_DIRECTIONS FOR THIS TASK:_ Beginning at the line containing "Friday the 13th" in the material below and ending at the line containing "Agnes Cossolini", return each line exactly and add nothing.

━━━━━ PROVIDED RECORDS

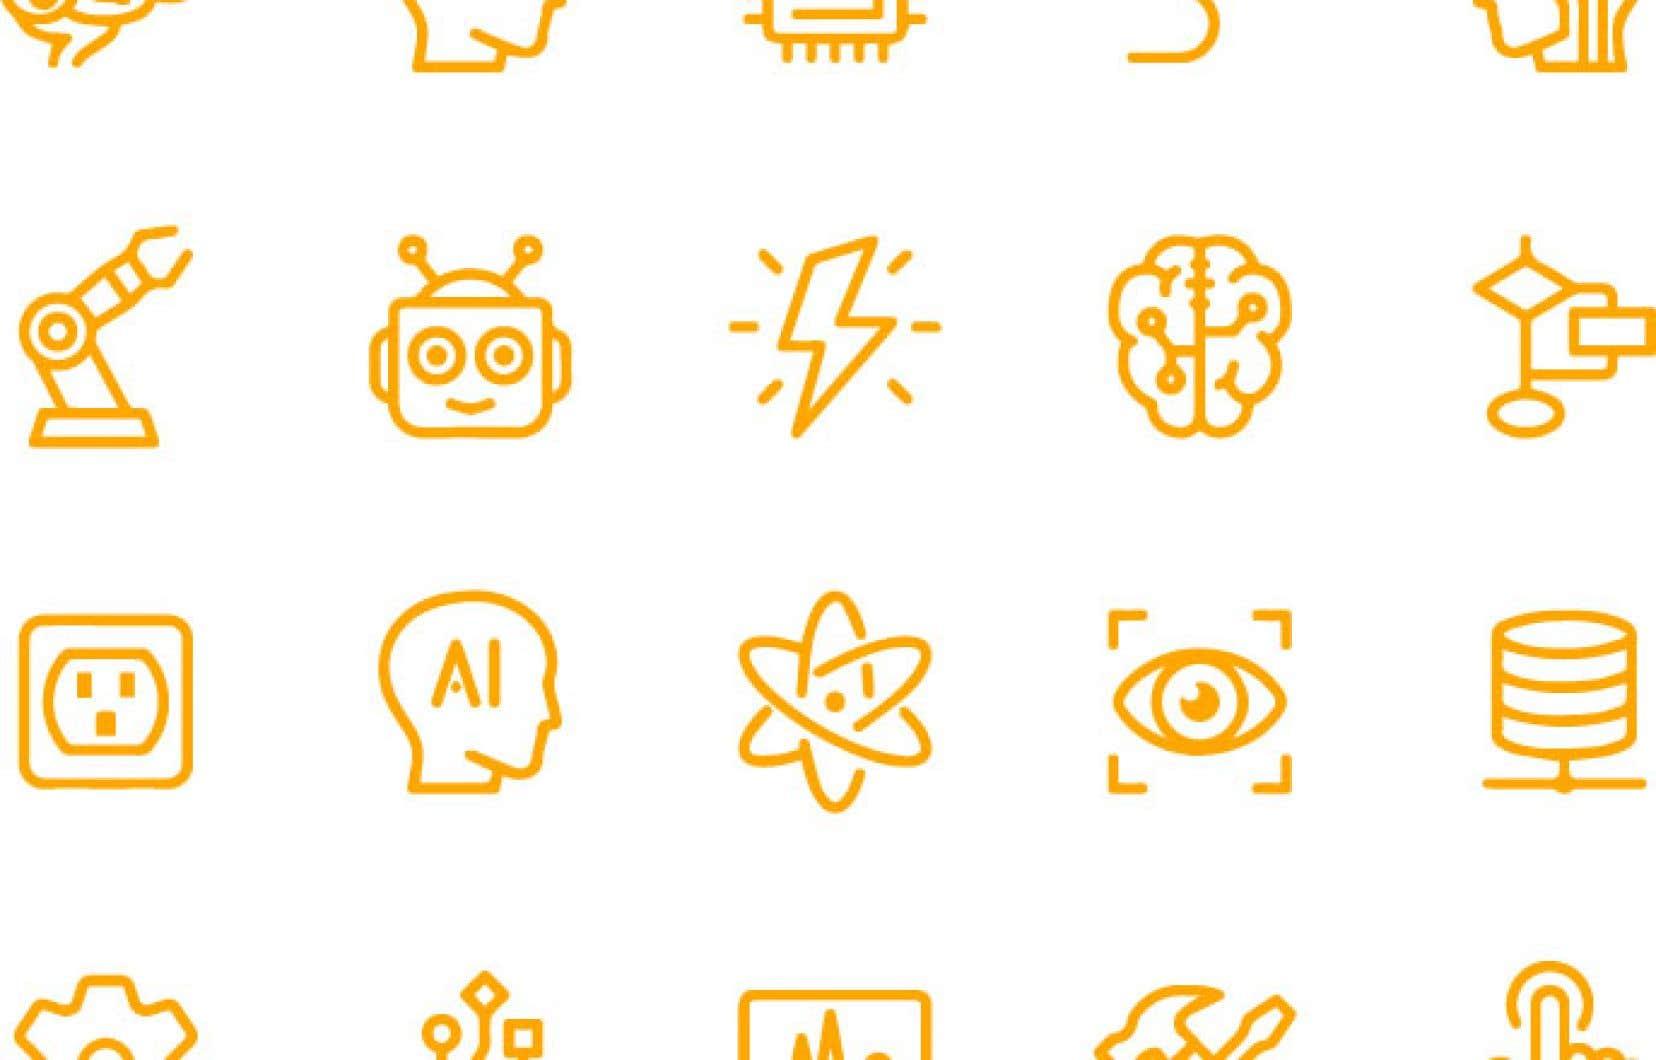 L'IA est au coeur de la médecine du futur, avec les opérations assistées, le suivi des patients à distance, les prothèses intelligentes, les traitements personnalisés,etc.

━━━━━━━━━━
━━━━━ PROVIDED RECORDS

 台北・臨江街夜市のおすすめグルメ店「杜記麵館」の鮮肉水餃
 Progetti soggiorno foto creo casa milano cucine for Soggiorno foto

━━━━━━━━━━
━━━━━ PROVIDED RECORDS

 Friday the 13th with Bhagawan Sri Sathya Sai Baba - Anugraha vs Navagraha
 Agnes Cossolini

━━━━━━━━━━

_WRITTEN ANSWER:_
 Friday the 13th with Bhagawan Sri Sathya Sai Baba - Anugraha vs Navagraha
 Agnes Cossolini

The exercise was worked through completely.